I’ve been frustrated with how AI agents forget everything. Every new conversation starts from zero. I have to restate my preferences, re-explain my project context, and remind the agent what I’m working on.

When I explored DeerFlow, I found it has a built-in memory system that actually persists across sessions. Not just conversation history—structured facts about me that get extracted and stored automatically.

This post explains how DeerFlow’s memory system works, how to configure it, and whether it solves the “AI agents forget everything” problem.

The Problem: Agents Have No Memory

Standard AI agents have no persistence:

Typical Agent Experience
Day 1:
Me: "I'm building a React app with TypeScript"
Agent: "Got it, I'll help with that"
Day 2 (new session):
Me: "Add authentication to my app"
Agent: "What tech stack are you using?"
Me: (frustrated) "React with TypeScript, like I said yesterday"

This happens because:

  1. Session-only context: Each conversation starts fresh
  2. No fact extraction: Agents don’t identify and store important details
  3. No retrieval: Even if stored, previous context isn’t injected

I wanted to understand how DeerFlow solves this.

What DeerFlow Memory Does

DeerFlow’s memory system provides three things:

  1. User Context: Short summaries about who you are (work, personal, current focus)
  2. Facts: Discrete, confidence-scored knowledge (preferences, knowledge, goals)
  3. History: Time-based conversation summaries

The key insight: memory is extracted automatically using the LLM itself, then injected into future conversations.

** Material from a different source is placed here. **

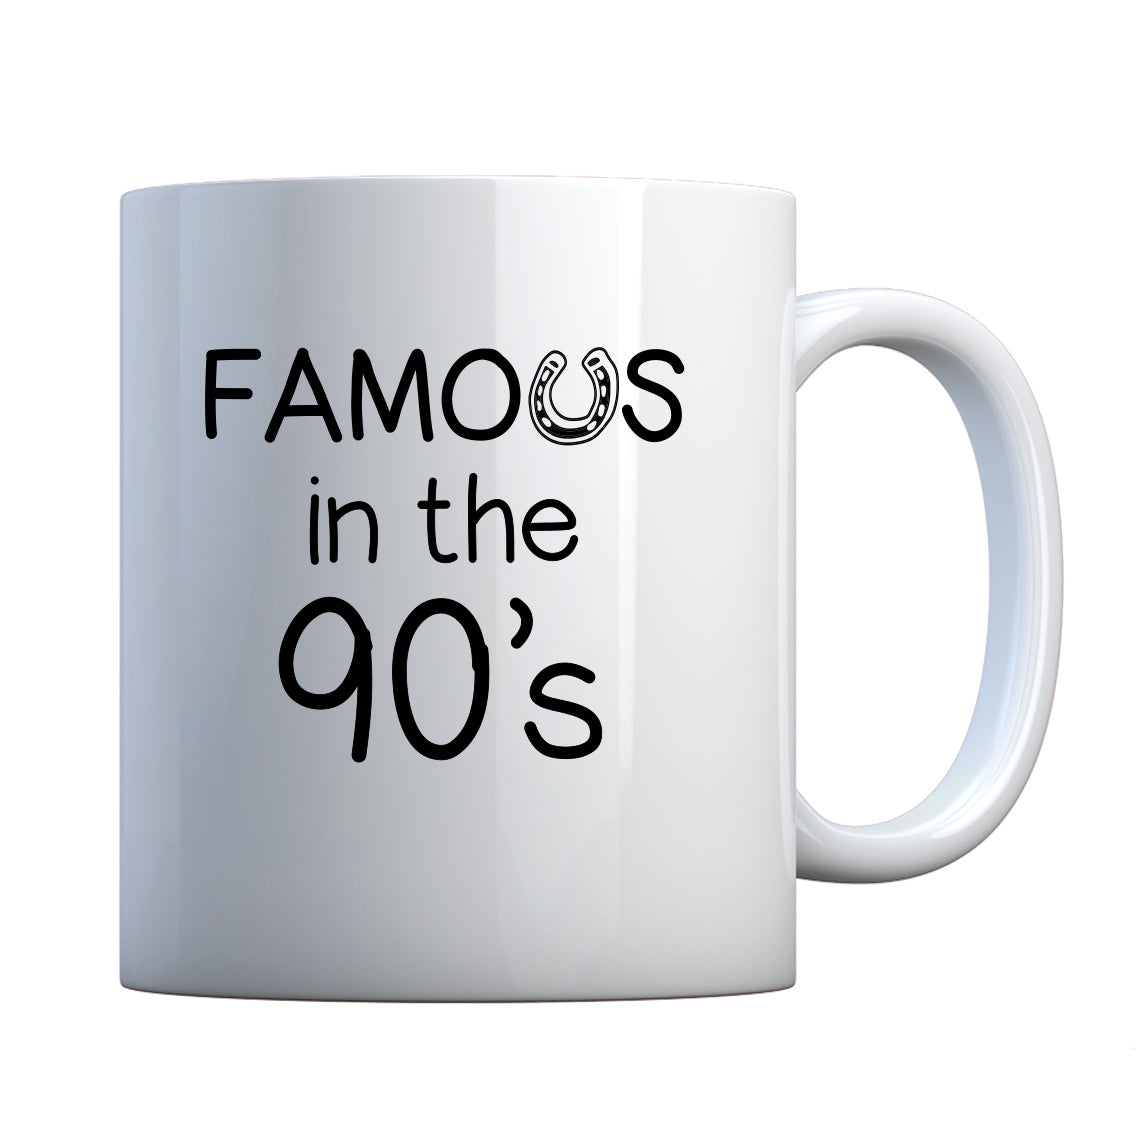 Famous in the 90s Ceramic Gift Mug

Exploring the Memory Storage

I started by examining where memory is stored:

Terminal
cd deer-flow
find . -name "memory.json"
Output
./backend/.deer-flow/memory.json

Let me check the structure:

Terminal
cat ./backend/.deer-flow/memory.json | python3 -m json.tool | head -80
memory.json structure
{
"userContext": {
"workContext": "Software engineer working on AI projects with Python and TypeScript",
"personalContext": "Based in San Francisco, interested in hiking and photography",
"topOfMind": "Currently planning a product launch for Q2 2026"
},
"facts": [
{
"id": "fact-2026031510",
"content": "User prefers Python over JavaScript for backend development",
"category": "preference",
"confidence": 0.9,
"createdAt": "2026-03-15T10:00:00Z",
"source": "conversation-abc123"
},
{
"id": "fact-2026031511",
"content": "User is building a task management app called TaskFlow",
"category": "goal",
"confidence": 0.85,
"createdAt": "2026-03-15T11:30:00Z",
"source": "conversation-def456"
}
],
"history": {
"recentMonths": "March 2026: Worked on DeerFlow integration, researched agent memory systems...",
"earlierContext": "Previous projects include a microservices architecture and a data pipeline...",
"longTermBackground": "Software engineer with 8+ years experience in distributed systems..."
}
}

I was impressed. The system had extracted structured information from my conversations without any manual configuration.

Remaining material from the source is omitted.